--- Excerpted records Enclosed Below ---

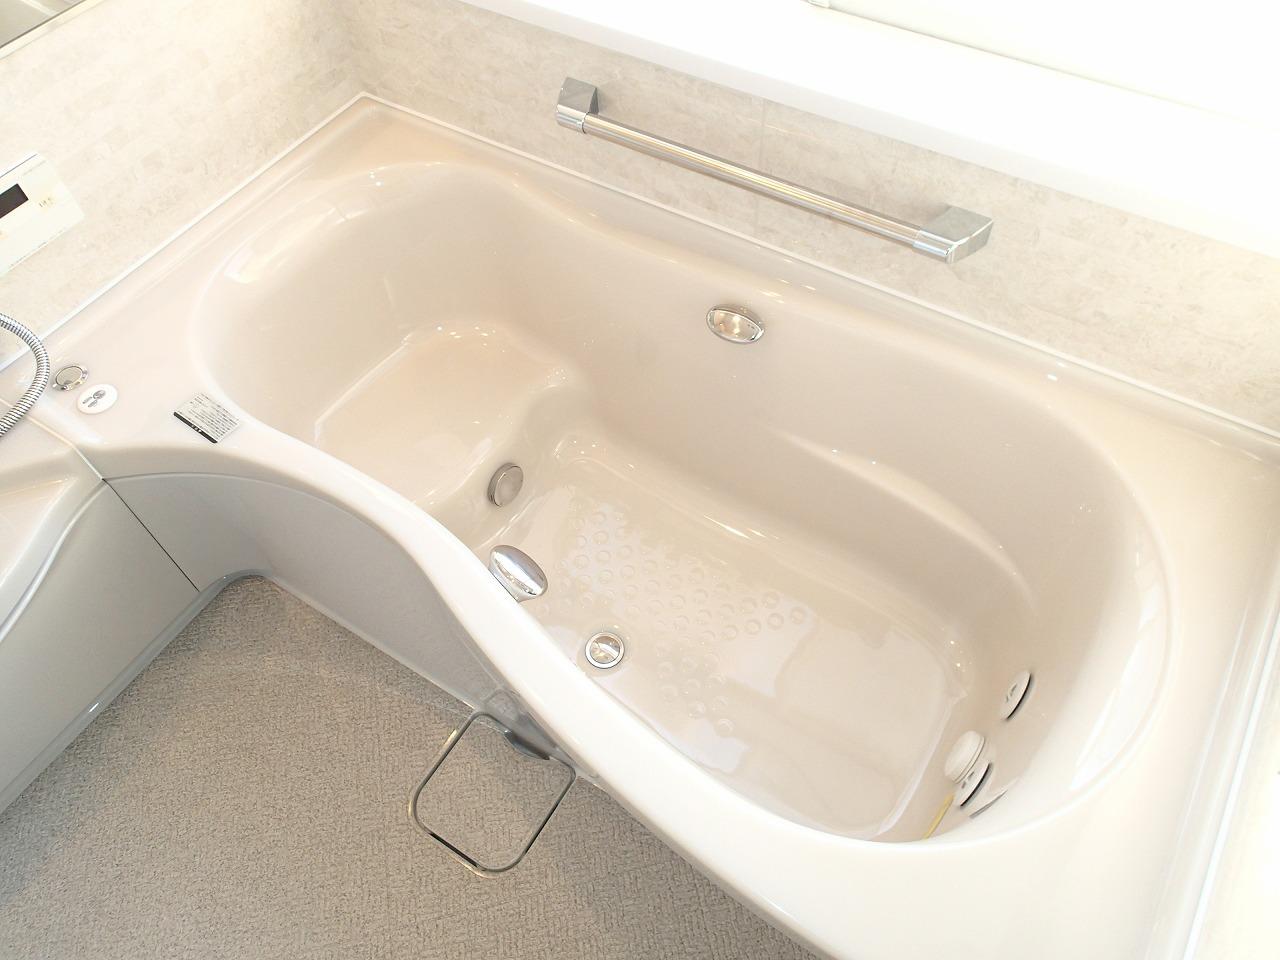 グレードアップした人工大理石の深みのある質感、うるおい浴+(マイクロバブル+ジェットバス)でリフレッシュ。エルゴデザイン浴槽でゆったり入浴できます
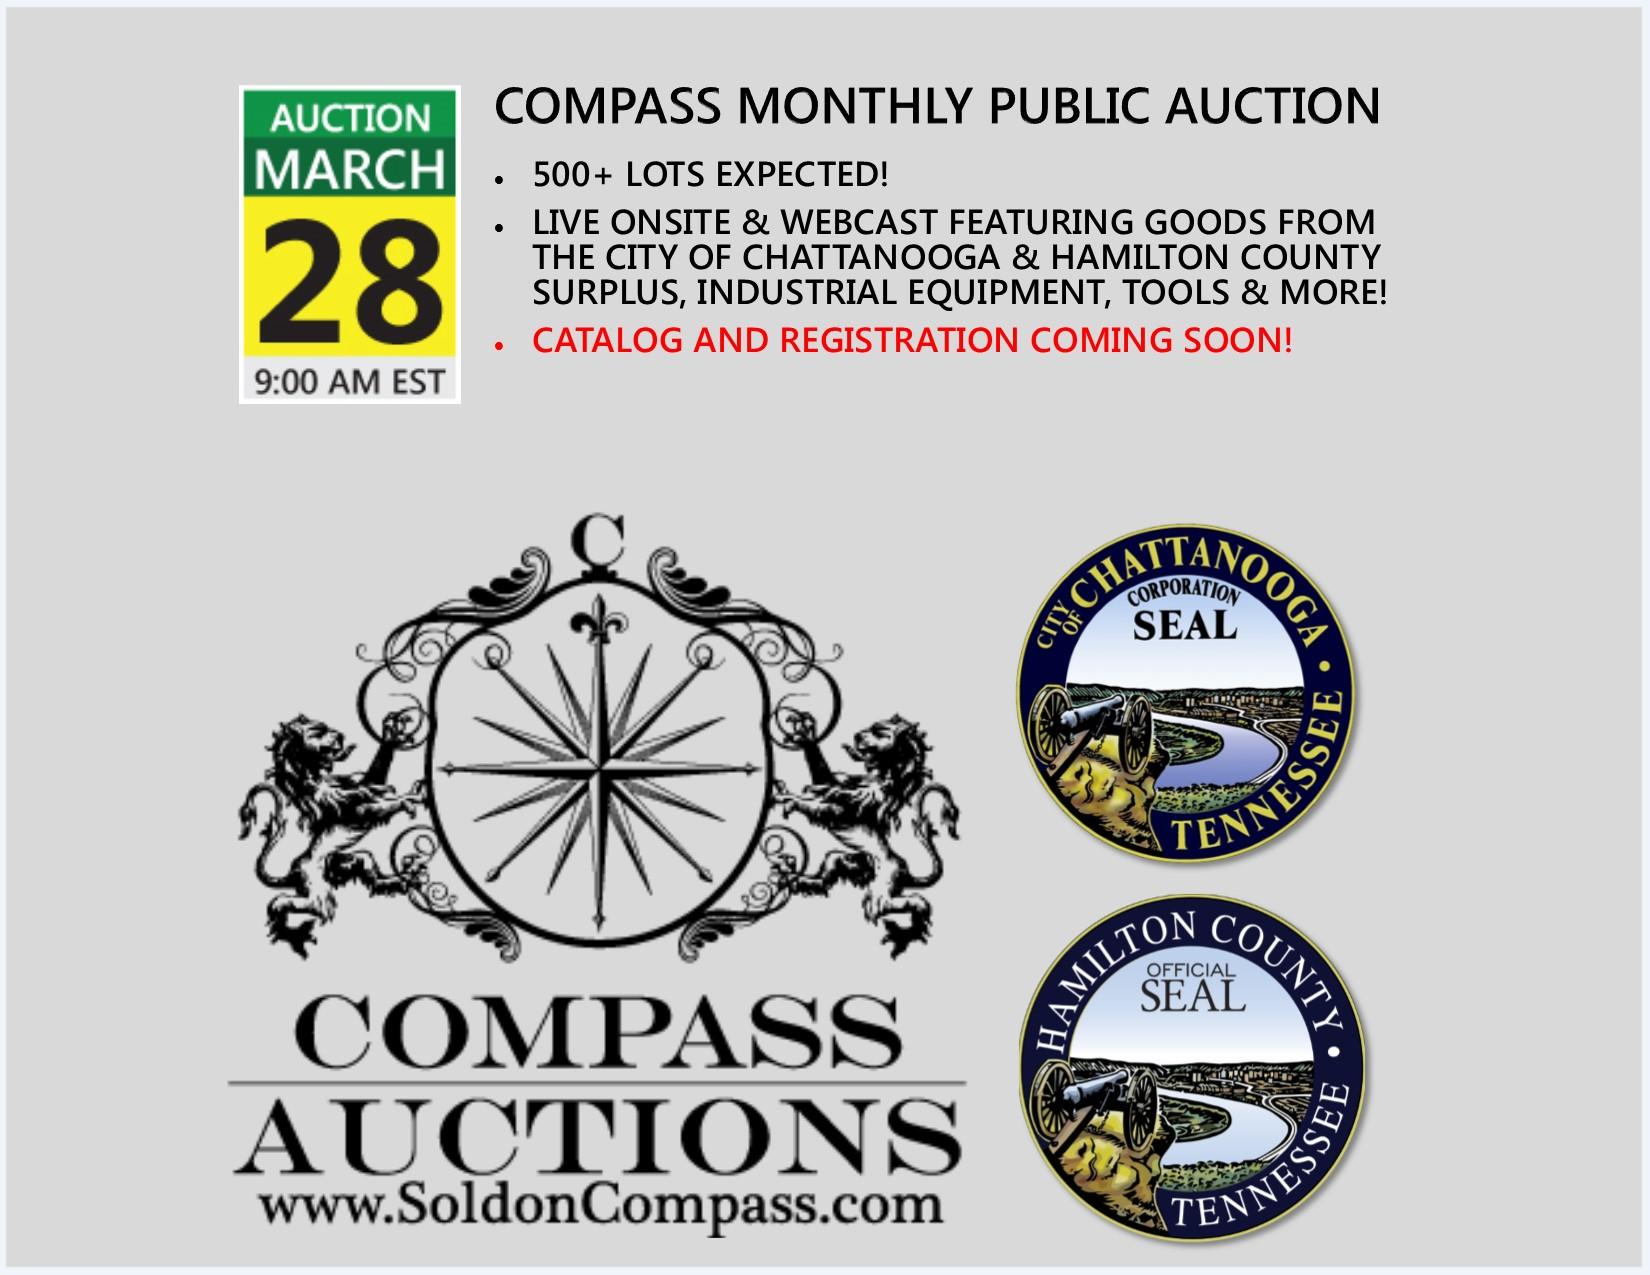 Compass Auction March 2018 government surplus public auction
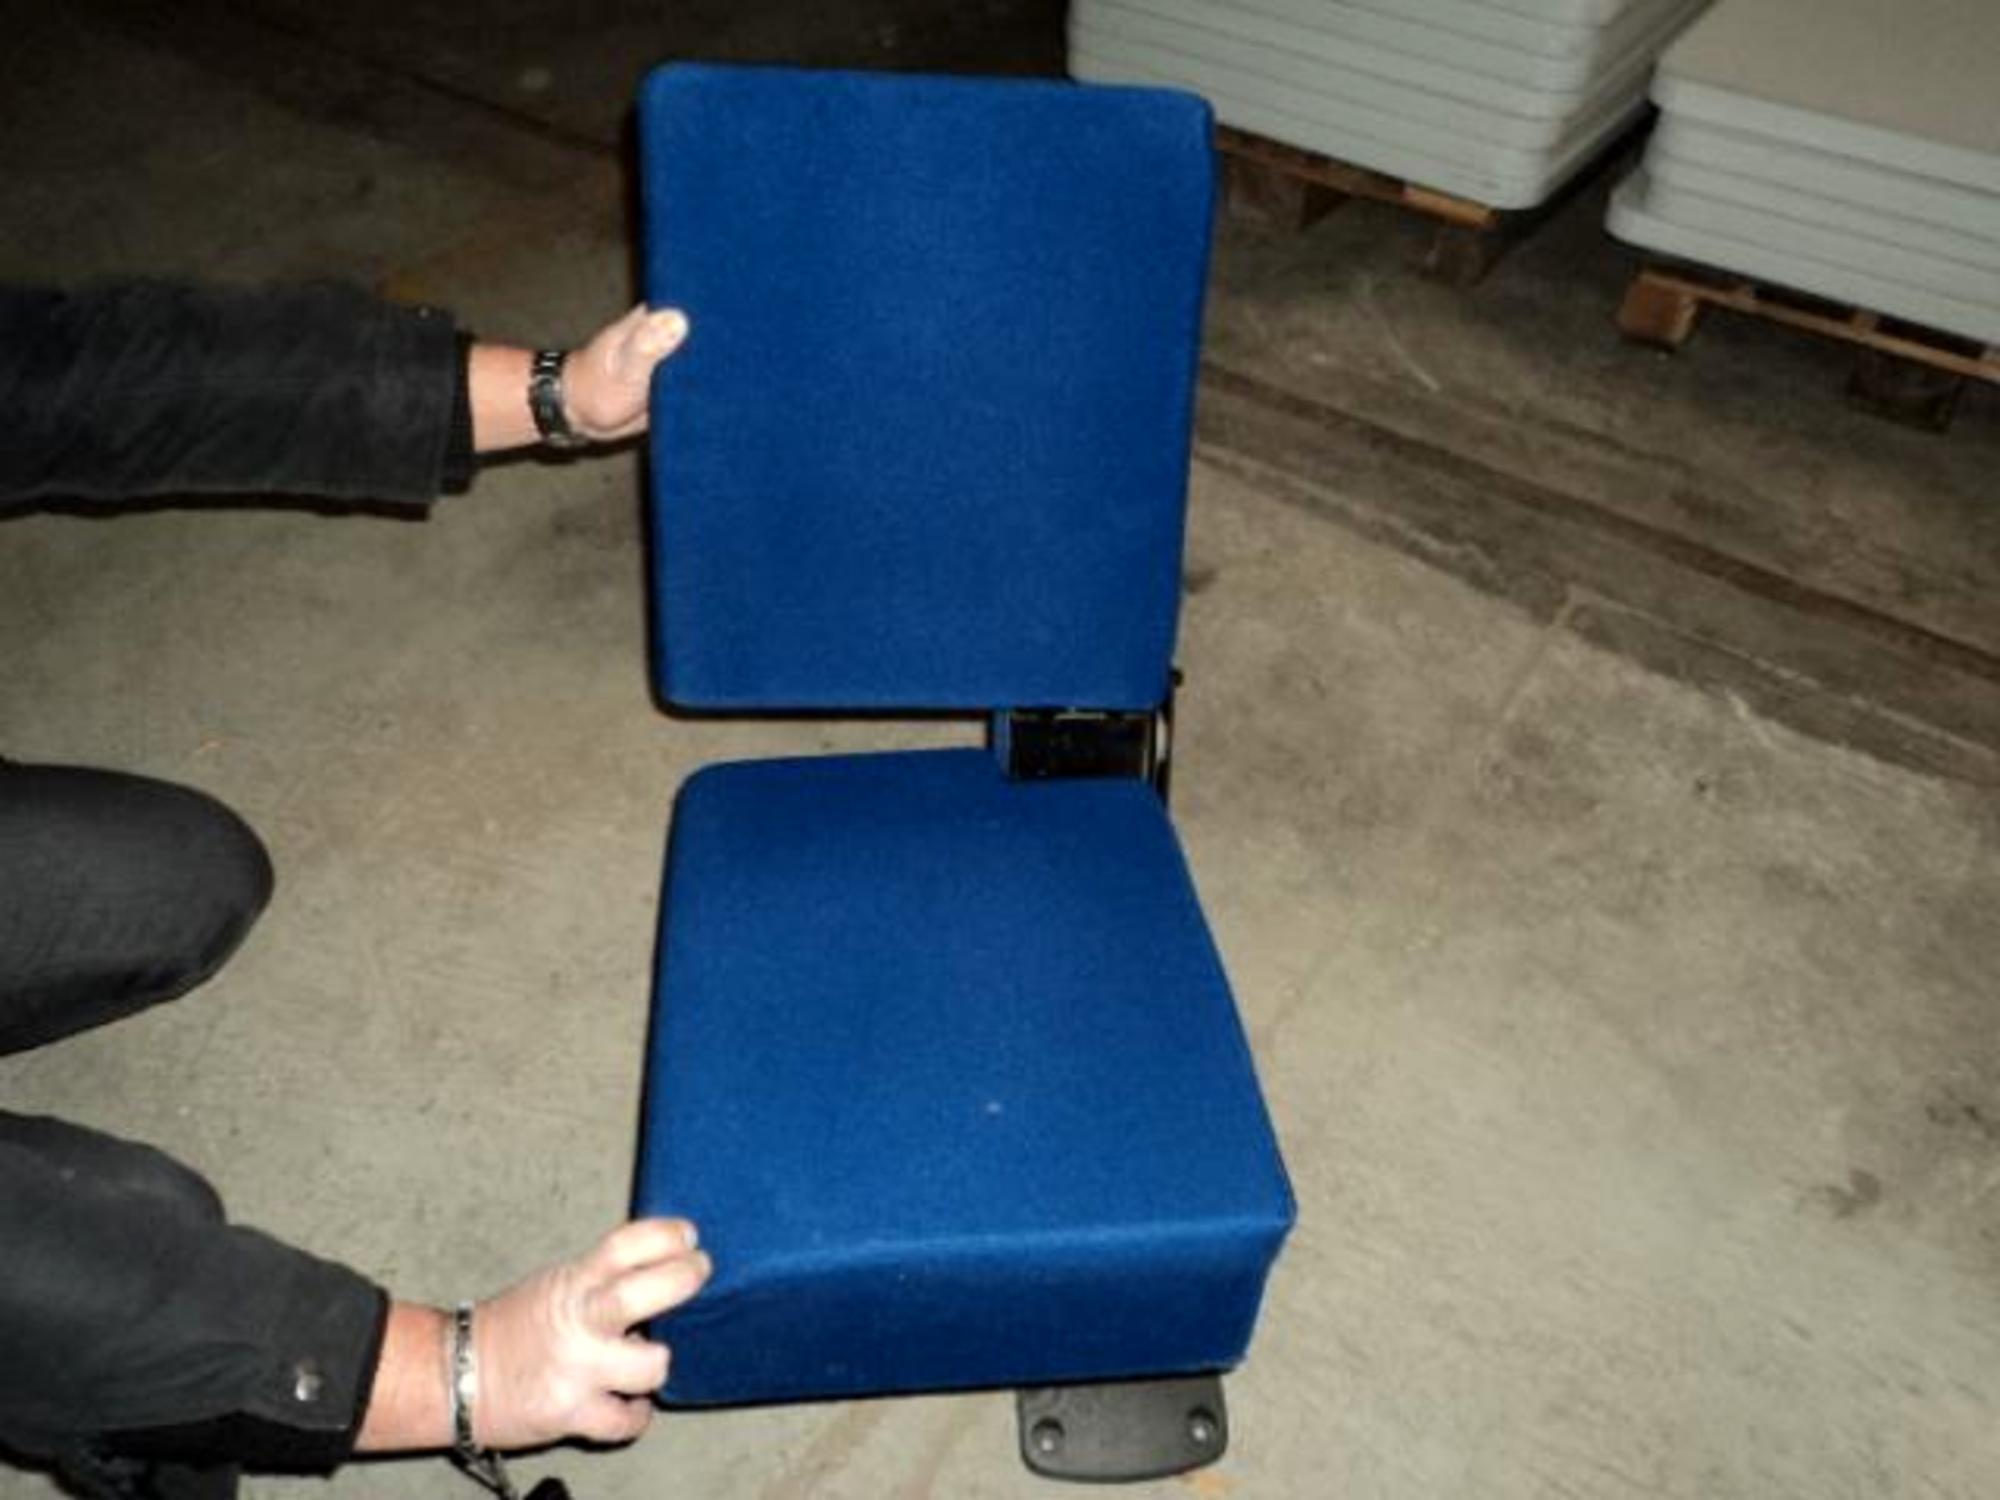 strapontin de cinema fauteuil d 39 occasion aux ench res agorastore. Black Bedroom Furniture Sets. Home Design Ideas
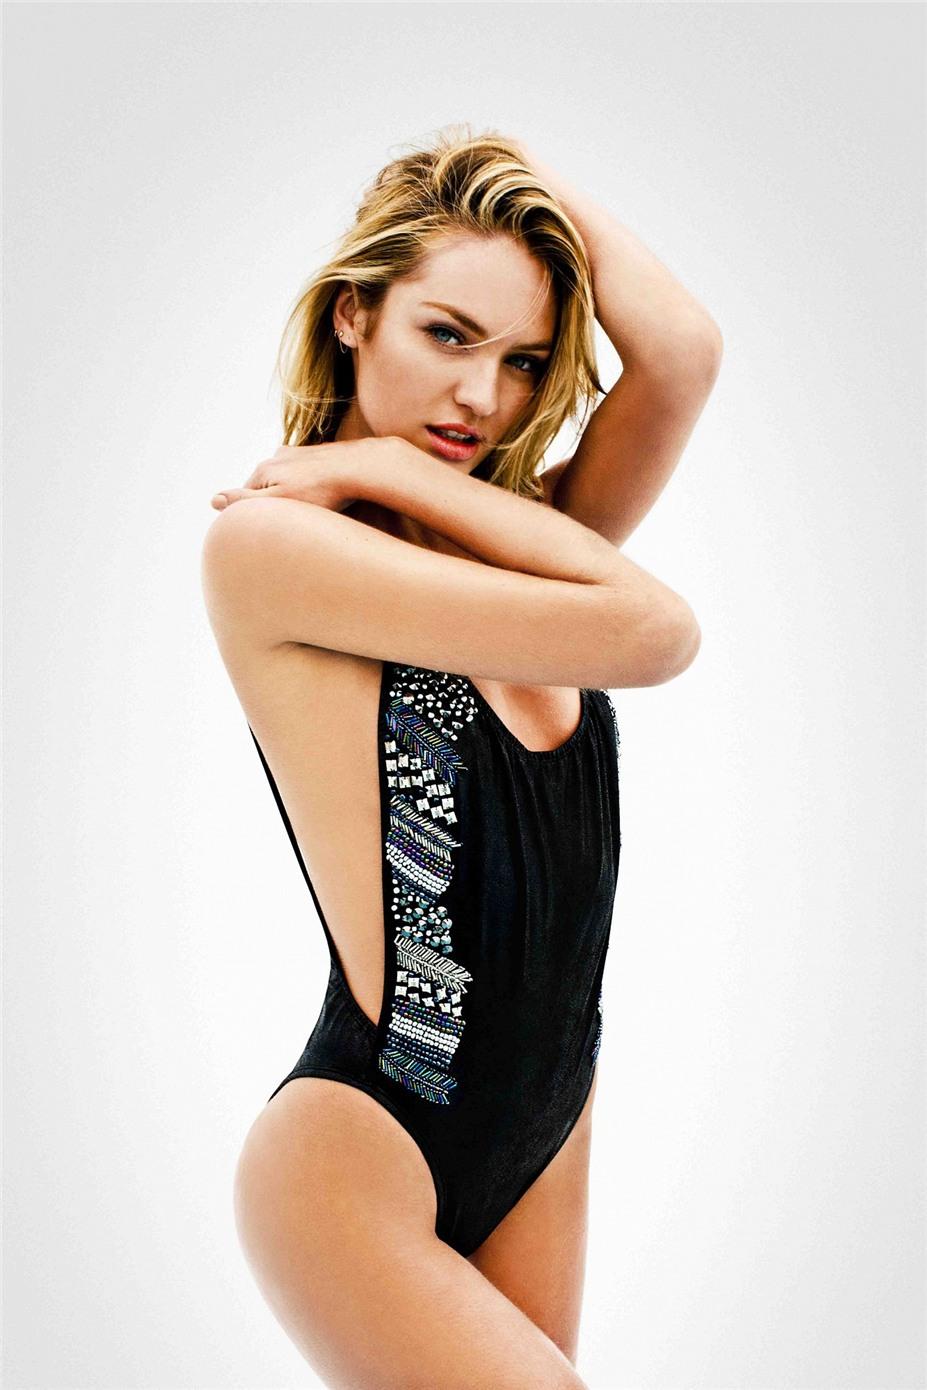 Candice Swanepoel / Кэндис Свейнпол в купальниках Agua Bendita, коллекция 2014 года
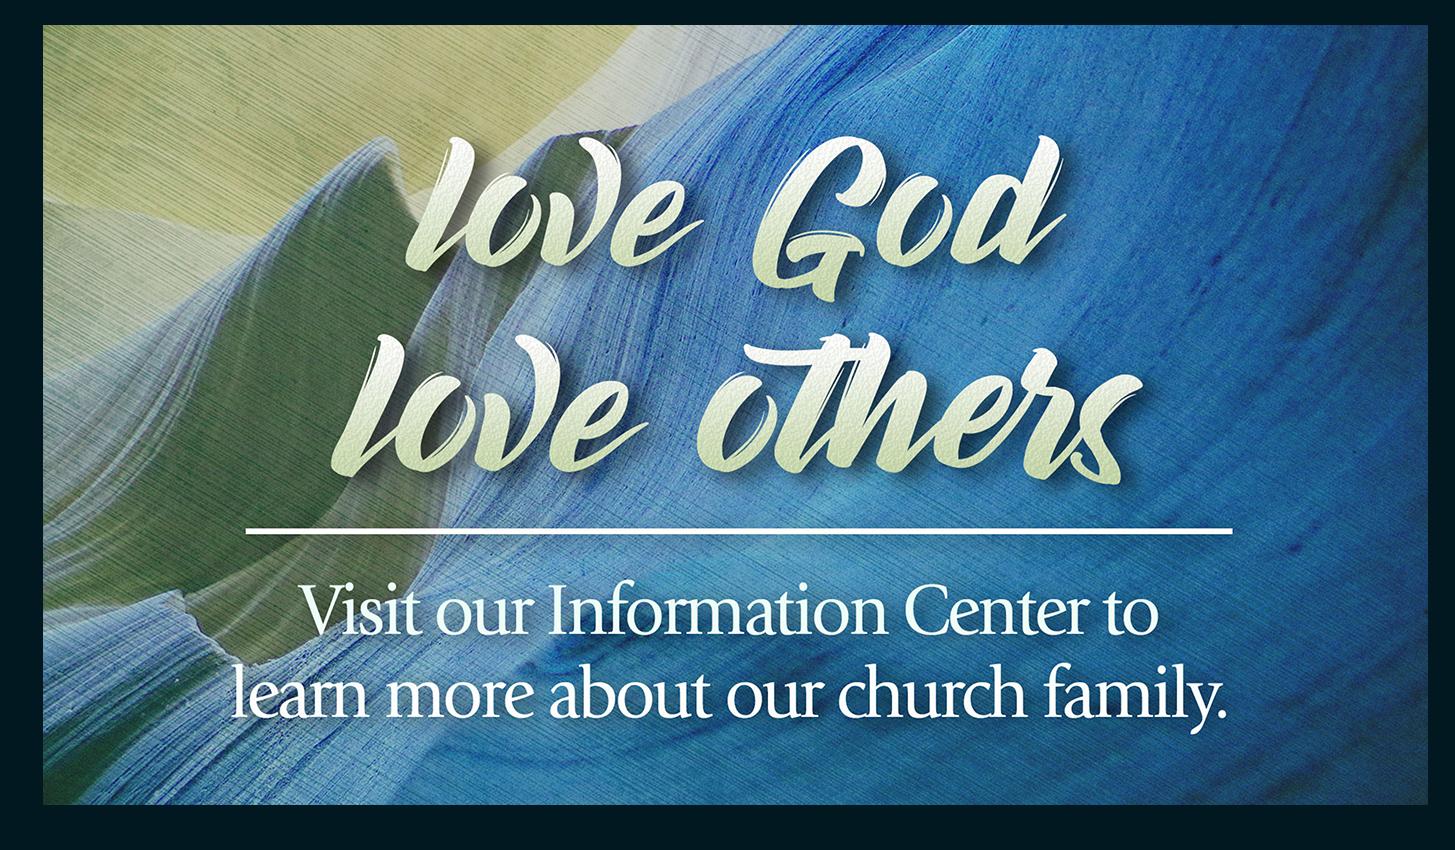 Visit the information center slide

--- End of Enclosed Excerpted records ---

Task directions:
Transcribe every line of the records exactly. Pictures do not belong in the copy.

Solution for this task:
 グレードアップした人工大理石の深みのある質感、うるおい浴+(マイクロバブル+ジェットバス)でリフレッシュ。エルゴデザイン浴槽でゆったり入浴できます
 Compass Auction March 2018 government surplus public auction
 strapontin de cinema fauteuil d 39 occasion aux ench res agorastore. Black Bedroom Furniture Sets. Home Design Ideas
 Candice Swanepoel / Кэндис Свейнпол в купальниках Agua Bendita, коллекция 2014 года
 Visit the information center slide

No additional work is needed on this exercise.